Вот и сейчас он входил в наполненную светом и воздухом залу, где ожидал его Мер, с трепетом, которого не испытывал на пороге самых почитаемых святилищ Льесальфахейма, и у него дух захватило от восхищения. Ярл светлых альвов стоял между невесомо-хрупких, будто отлитых из тончайшего фарфора, колонн. Его плащ цвета топлёного молока оттенял матовость кожи, золотые кудри драгоценной рамой обрамляли возвышенное лицо, с которого известнейший художник Мидгарда писал образы богов. За один взгляд колдовских, манящих сапфировых глаз слабохарактерные короткоживущие готовы продать водному ши душу.

Высокородный эйп Аквиль был невыразимо прекрасен, неприступен… и молчал.

Эту казнь Альвгейр почитал наихудшей из всех возможных. Ему уже приходилось сталкиваться с отстранённым высокомерным выражением на лице родителя. Разочаровать отца юный полукровка боялся сильнее смерти, а потому не выдержал, и очень скоро нарушил этикет, заговорив первым:

— Отец, я не виноват! Этот цверг, он…

Мер прервал его одним небрежным жестом. Небесно-голубая ткань рубашки мягкими волнами-складками набежала на запястье, потонувшее в пене кружев.

— Меня не интересует. С поведением юного Ульва будет разбираться его отец. А я не намерен выслушивать, как ты ябедничаешь. Достаточно того, что я видел: ты подрался, и ты проиграл.

Альвгейр задохнулся от стыда и волнения, он готов был провалиться сквозь землю, да только с землёй очень уж ловко управляются проклятые цверги.

— Я вижу, — сказал высокородный Мер эйп Аквиль и повернулся к сыну спиной, — что влияние моей матери оказывает на тебя пагубное воздействие.

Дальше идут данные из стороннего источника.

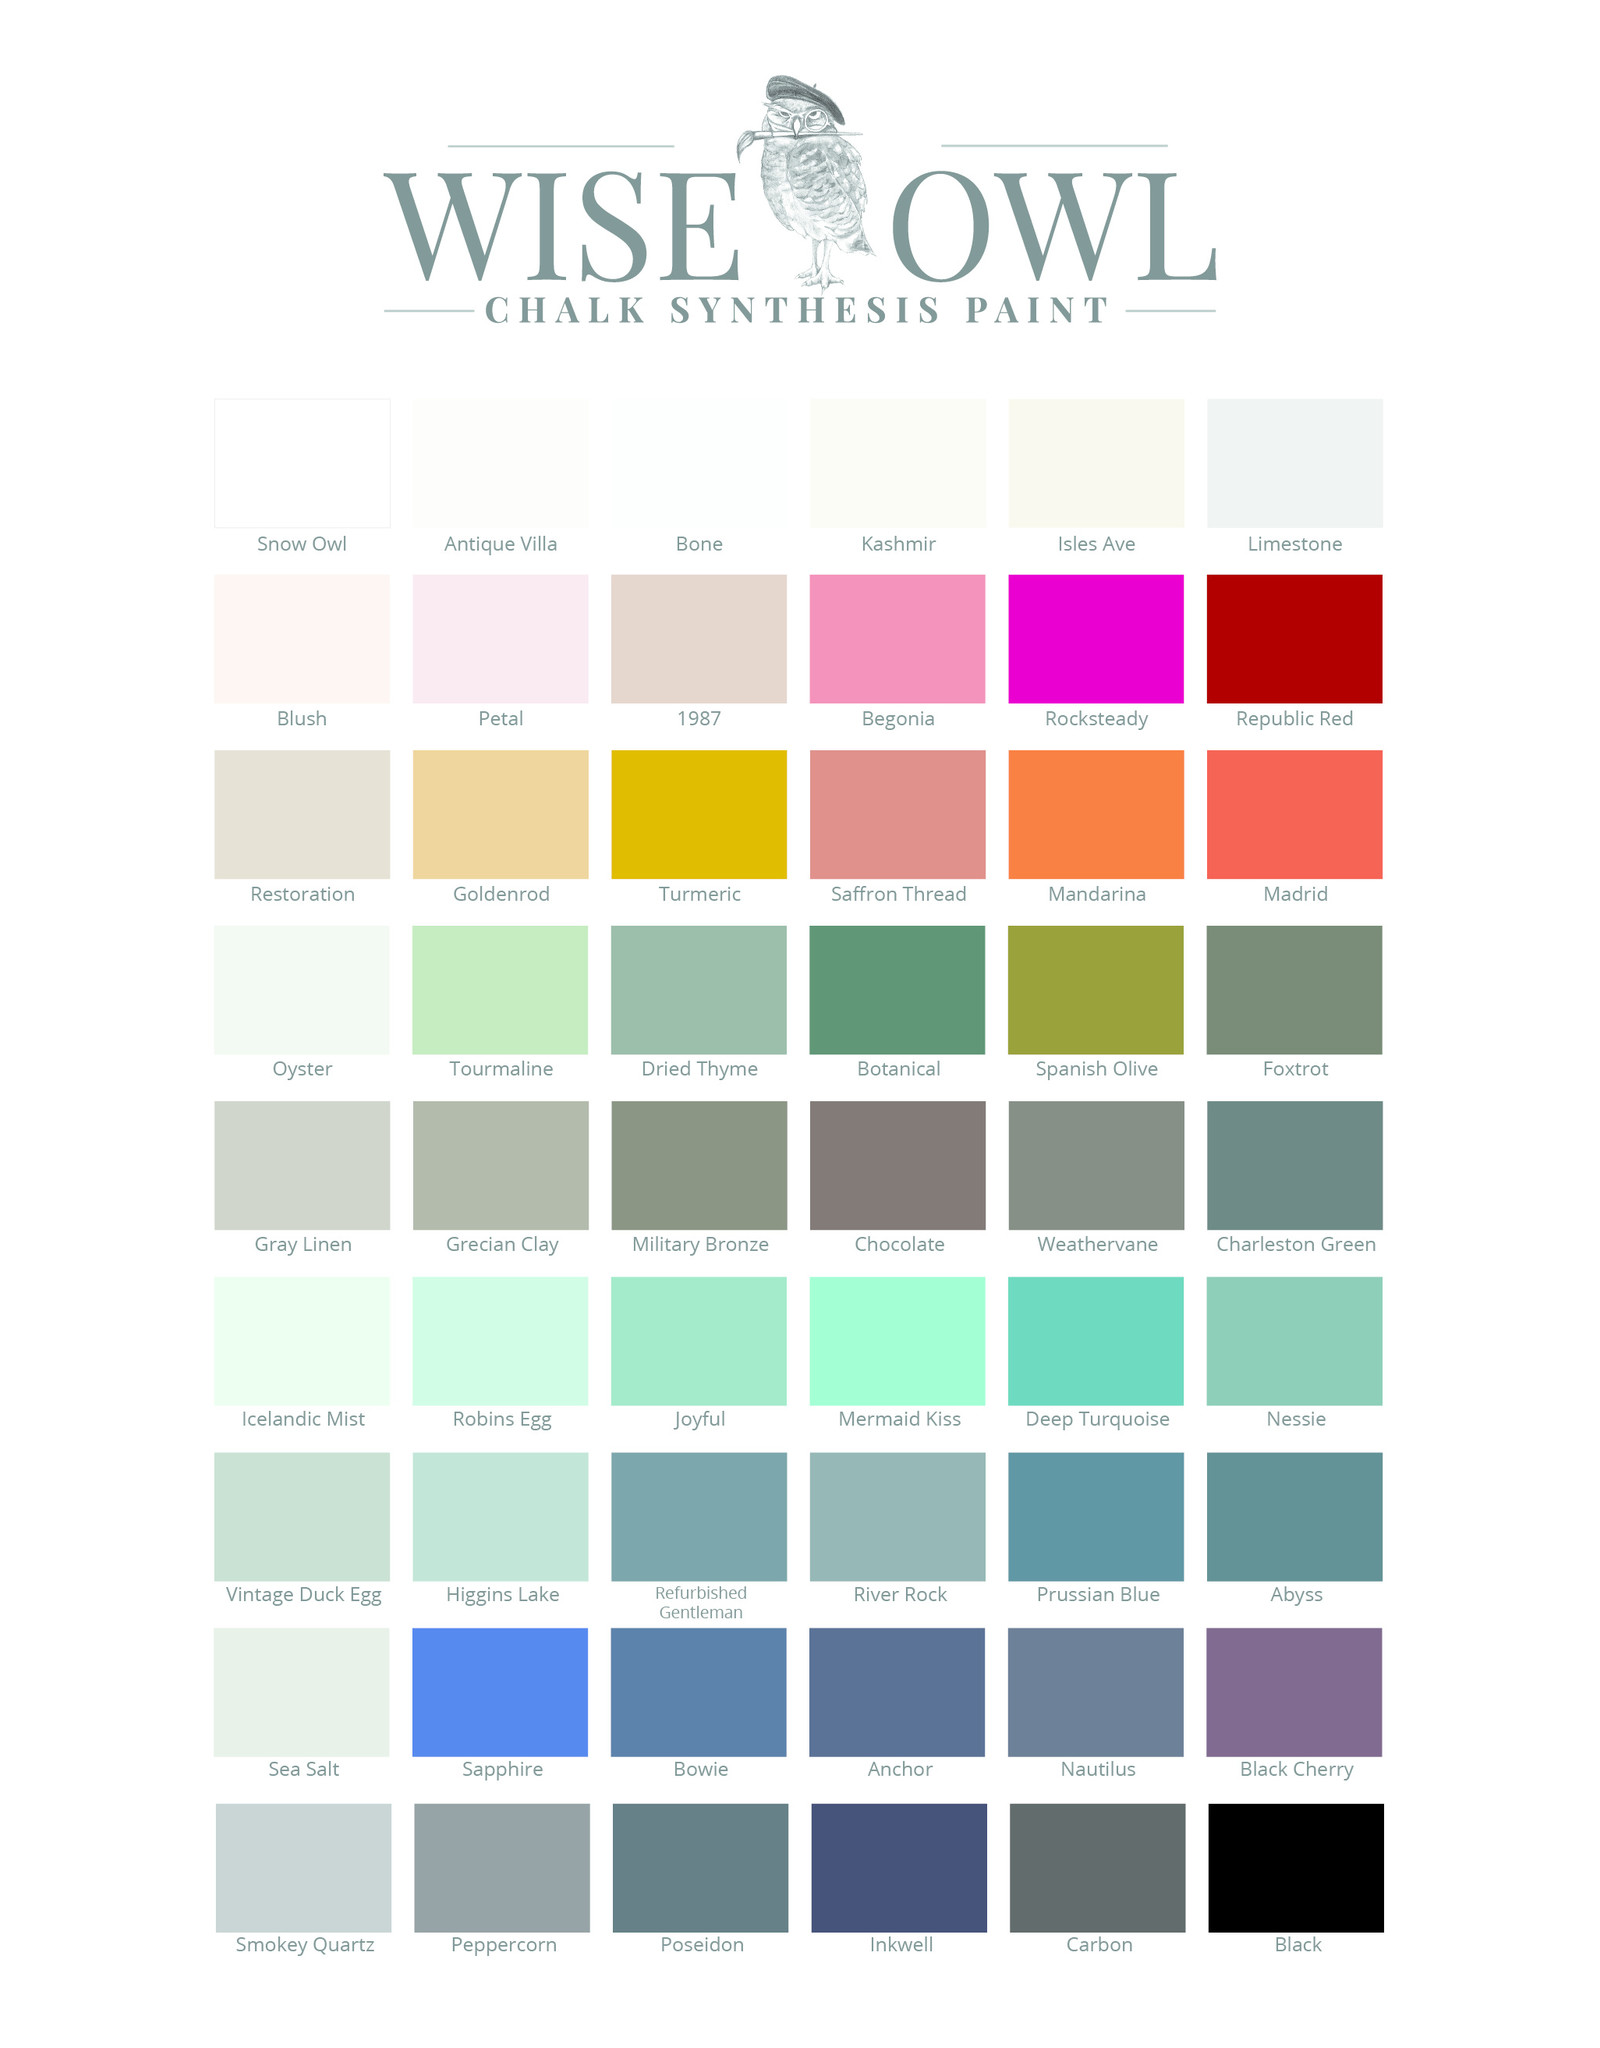 Wise Owl Paint Chalk Synthesis Paint-Nautilus Pint
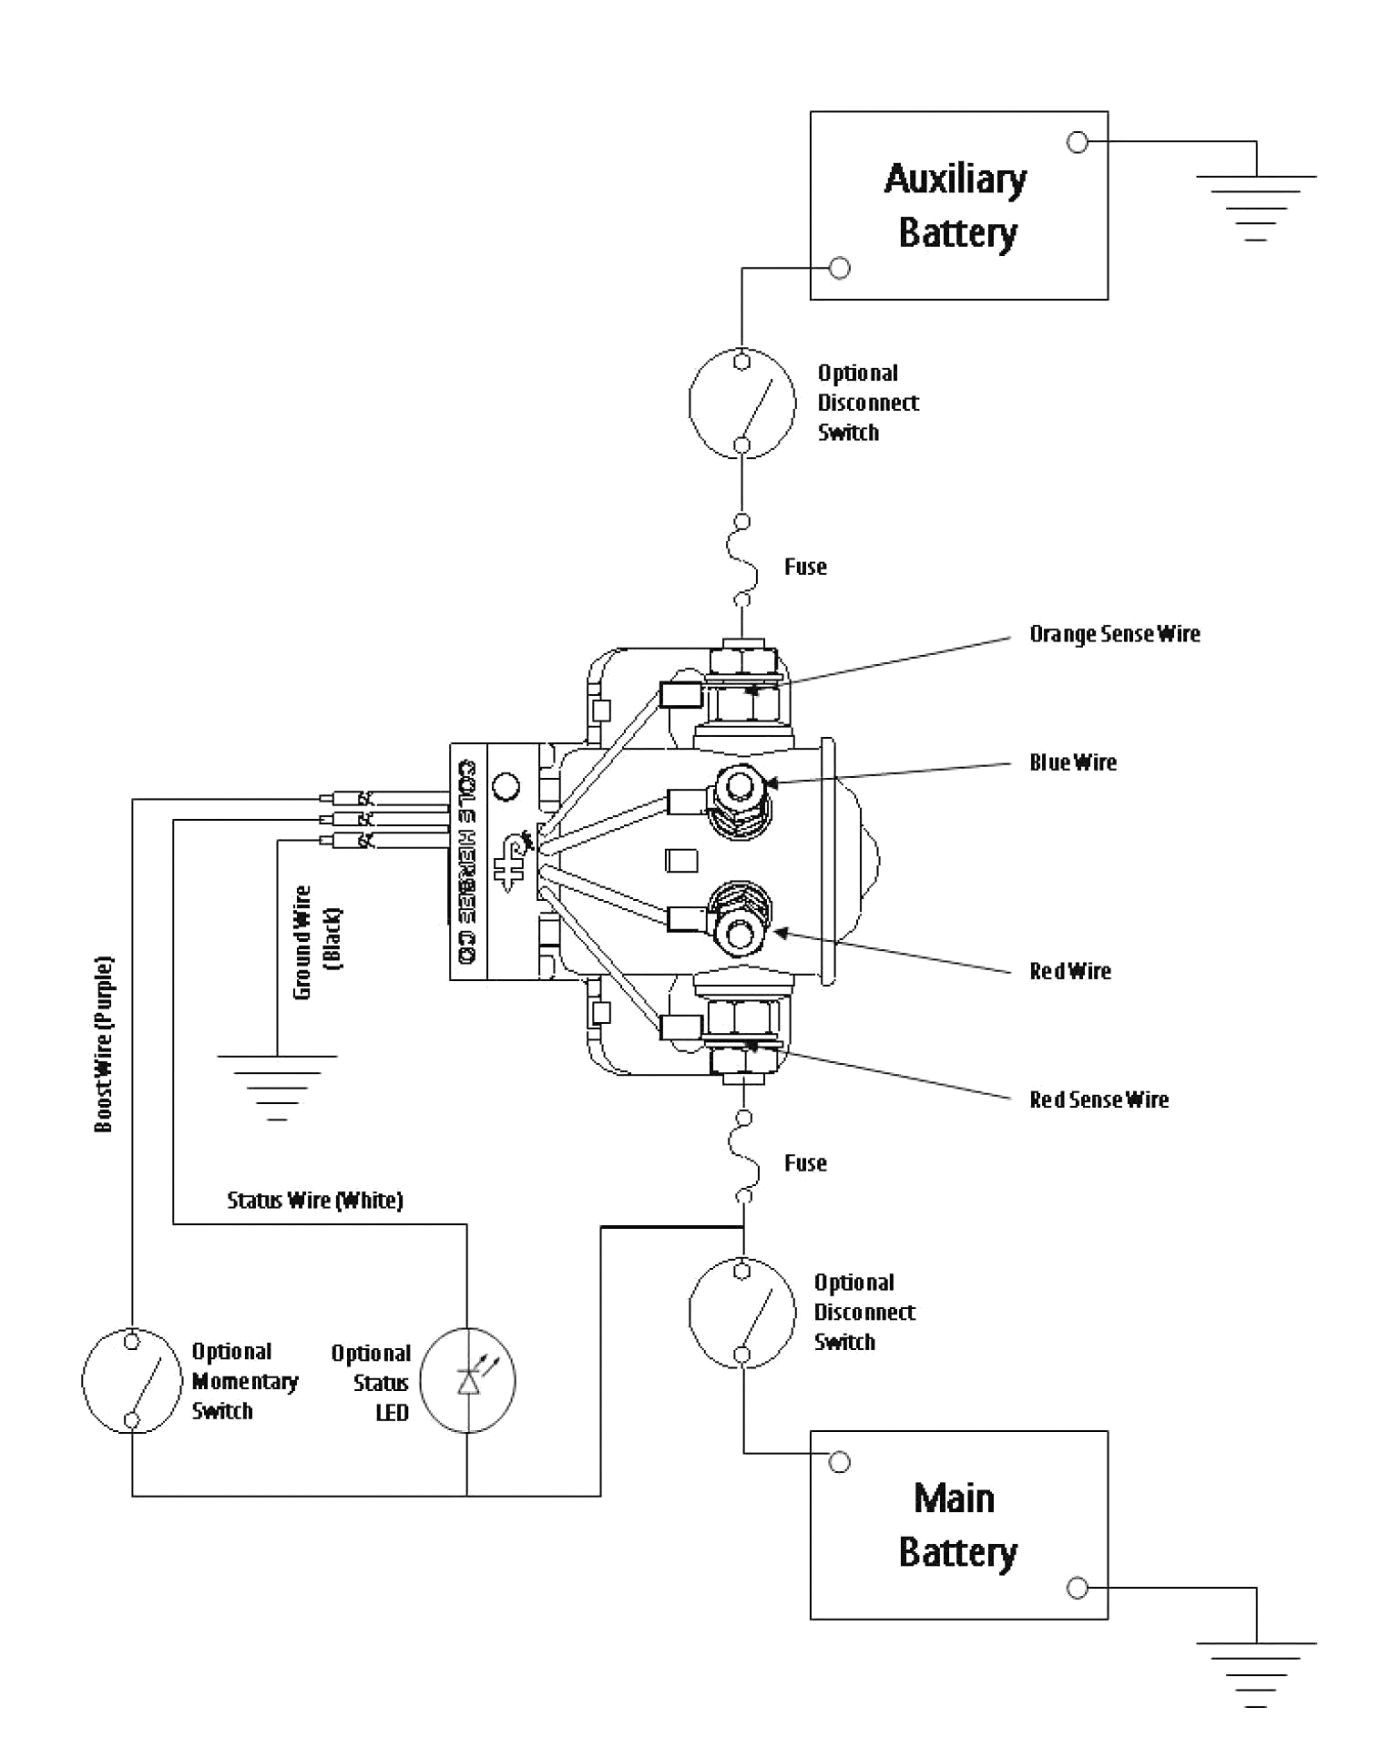 st85 solenoid wiring diagram wiring diagram compilation st85 solenoid wiring diagram

У Альвгейра пересохло во рту.

— Я привёз тебя в Льесальфахейм учиться родовой магии, раз уж ты мой сын, — продолжал Мер. — И что я получил? Заговаривать воду ты умеешь, да, но когда и как применять эти умения, у тебя ни малейшего понятия.

Альвгейр покрылся холодным потом и побледнел. Мер обернулся. Юноша, ожидающий следующих слов отца, словно приговора суда, как будто со стороны увидел и себя, застывшего в неловкой позе, ссутулившегося, старающегося казаться меньше, или вообще исчезнуть из поля зрения, и высокородного ярла. Каждое его движение было исполнено достоинства, плечи разворачивались так, будто это вода переливалась по плавно изогнутой поверхности. «У меня никогда так не получится, — сам себе сказал полукровка-ши, — хоть всю жизнь с танцмейстером тренируйся».

— Ни малейшего, — повторил Мер, глядя сыну в глаза, и тем самым возвращая его в реальность. Альвгейр судорожно сглотнул и вернул отцу взгляд: затравленный и испуганный.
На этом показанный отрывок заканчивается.